There's enough campiness here for me to have enjoyed it quite a bit, though. Jess Weixler, who plays the main character, Dawn, is pretty amazing, and I'm sure she's getting calls to be in all sorts of indie horror stuff now, although IMDB lists what look like a few dramas on her plate. And as it should be, all the death (penectomy?) scenes are done with maximum gore and were effective enough to make my crotch sore with sympathy pains. Of course, once we've seen the first vagina attack, the rest get tired pretty quickly, since there all just variations of that one. But there's a hilarious scene where Dawn's gynecologist (Josh Pais), gets his fingers ripped off. He falls to the floor, blood gushing, screaming "It's true! Vagina Dentata! Vagina Dentata!" Man, that part had me cracking up. And there are 3 full-on realistic severed-weener shots before this whole movie's over, but not one single close-up of the titular chompers. That seemed to me like a logical step in keeping with all the over-the-top-ness, but maybe they thought it would compromise the naivete and cuteness of Dawn's character if they showed that. Or maybe they did and had to cut it for an R rating? Why am I so interested in this?

Most of those attack scenes got the appropriately ridiculous treatment, even if there was a bit of letdown after I realized they were just the same thing over and over. The whole subplot with Dawn's sexually jealous step-brother seemed kind of thrown-in and underdeveloped. It's just there waiting until it needs to fulfill its duty as the movie's "final showdown," which is expected and feels anti-climactic when it ends.

So Teeth is good if you want a slight little horror comedy. Now that we have the first one out of the way, I look forward to someone doing this a little better the next time.

Pug (2006)


It's about time someone gave the pug-nosed dog a cinematic re-evaluation. We had lovably stubborn Otis from that wonderful family film Milo and Otis, that bundle of attitude Frank the Pug from Men In Black, and who could forget Duke Leto Atreides' wrinkly-faced companion from Dune? Well, probably no one even knows about that one, and I had to actually do a google search for "movies featuring pugs" to find it. Also, there were like 3 sites devoted to this topic.

Well, now we have Bentley, who rips to shreds all our onscreen pug stereotypes as if they were so much chew toy stuffing.

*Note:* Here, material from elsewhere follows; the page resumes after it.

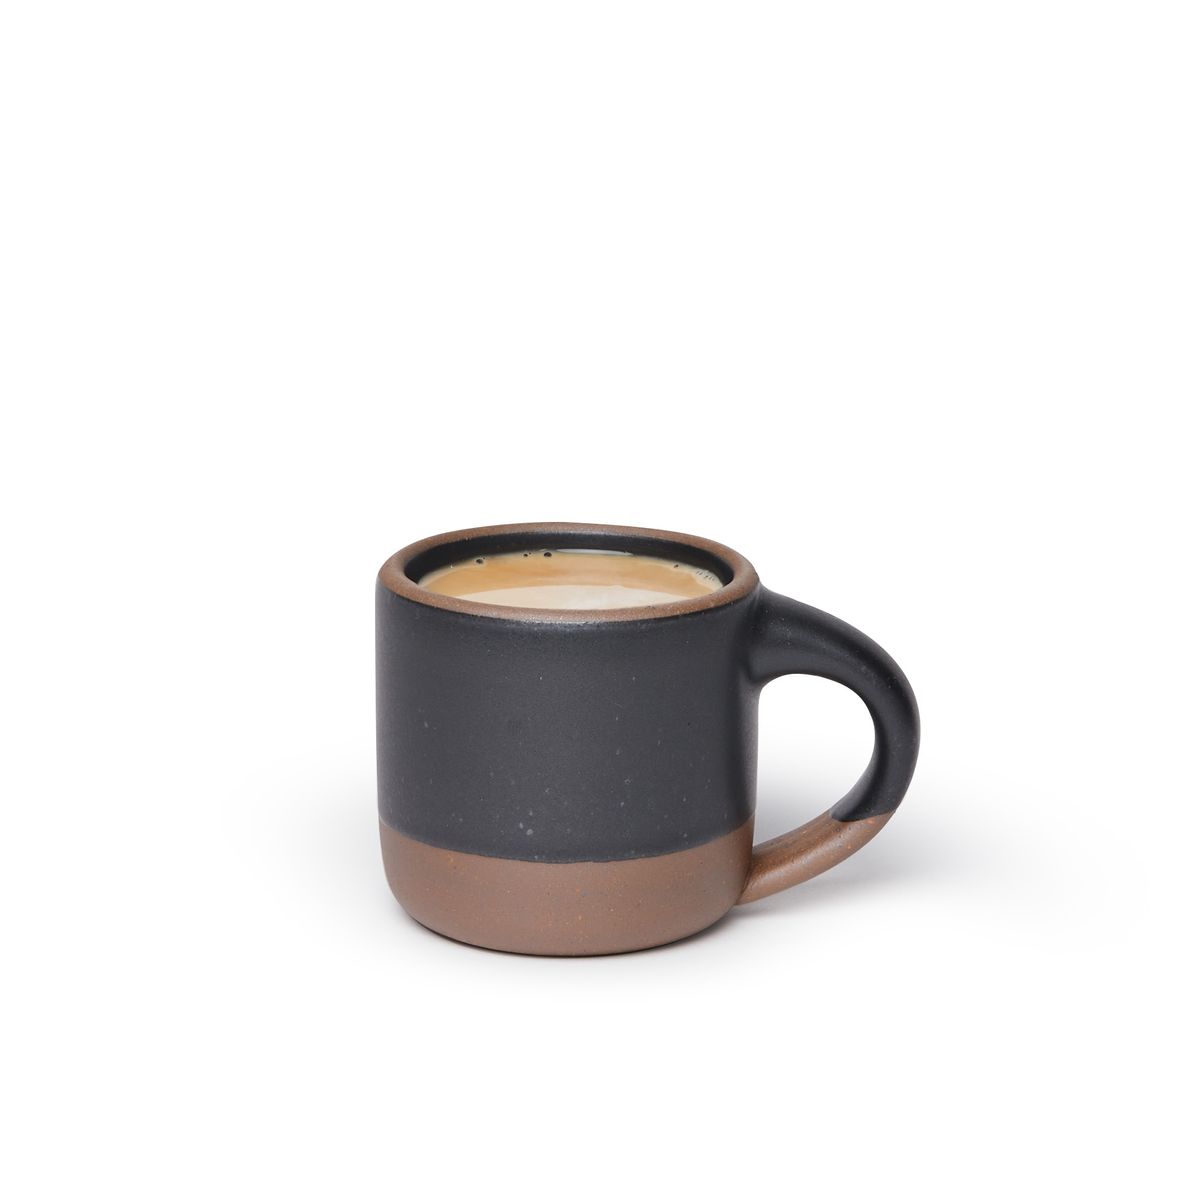 The Small Mug in Black Mountain, full of coffee
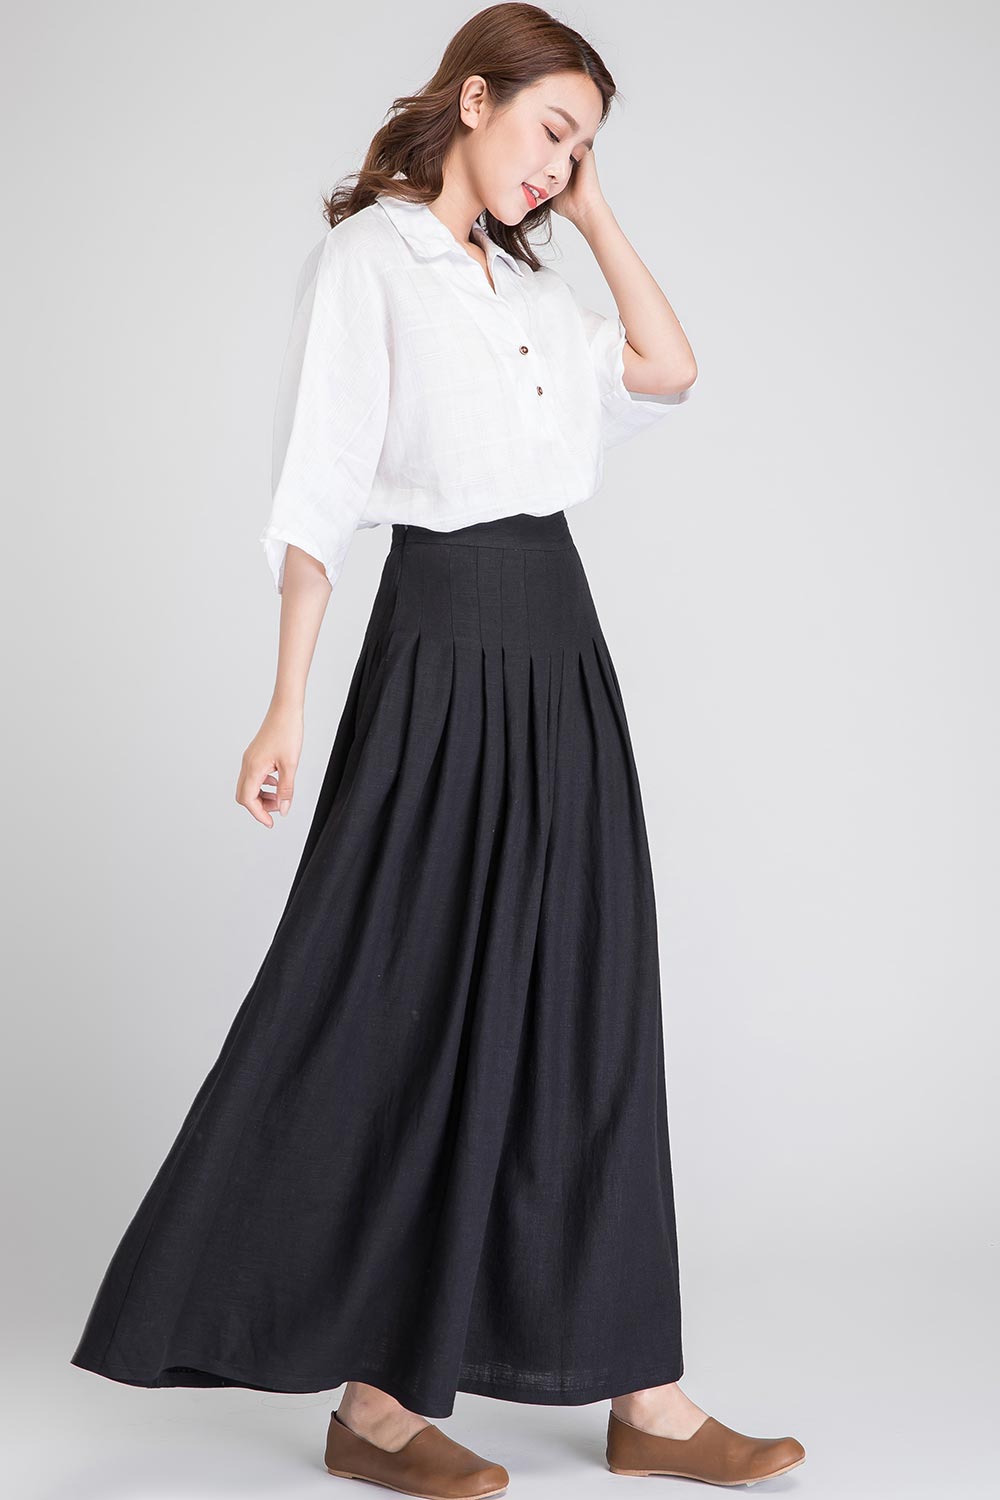 Black linen maxi skirt 1890

We meet Bentley as he's being purchased and carted home to the unsuspecting Hilton household. David and Judy Hilton have decided their 2 children are old enough to start learning responsibility in the form of pet ownership. And what better pet to take under their roof than that symbol of cuteness and...um, ugliness: the pug. Little do they realize, Bentley is the 13th descendant in a long line of pugs bred by Earl Willoughby, a occultist and part time breeder who, as the legend goes, used black magic and satanic rituals to produce pug-nosed pups with murderous instincts. The breeder's "handbook" sternly foretells the coming of the 13th birth in the killer pug lineage, who will basically be the Damien of dogs or something, and will command the power of the Great Evil Cur, yadda yadda yadda... Anyway, this is all explained in flashback in the hilariously overacted opening scene, which features two (count 'em) instances of the phrase "by the mange of beelzebub!" and gives Warlock-era Julian Sands a run for his money.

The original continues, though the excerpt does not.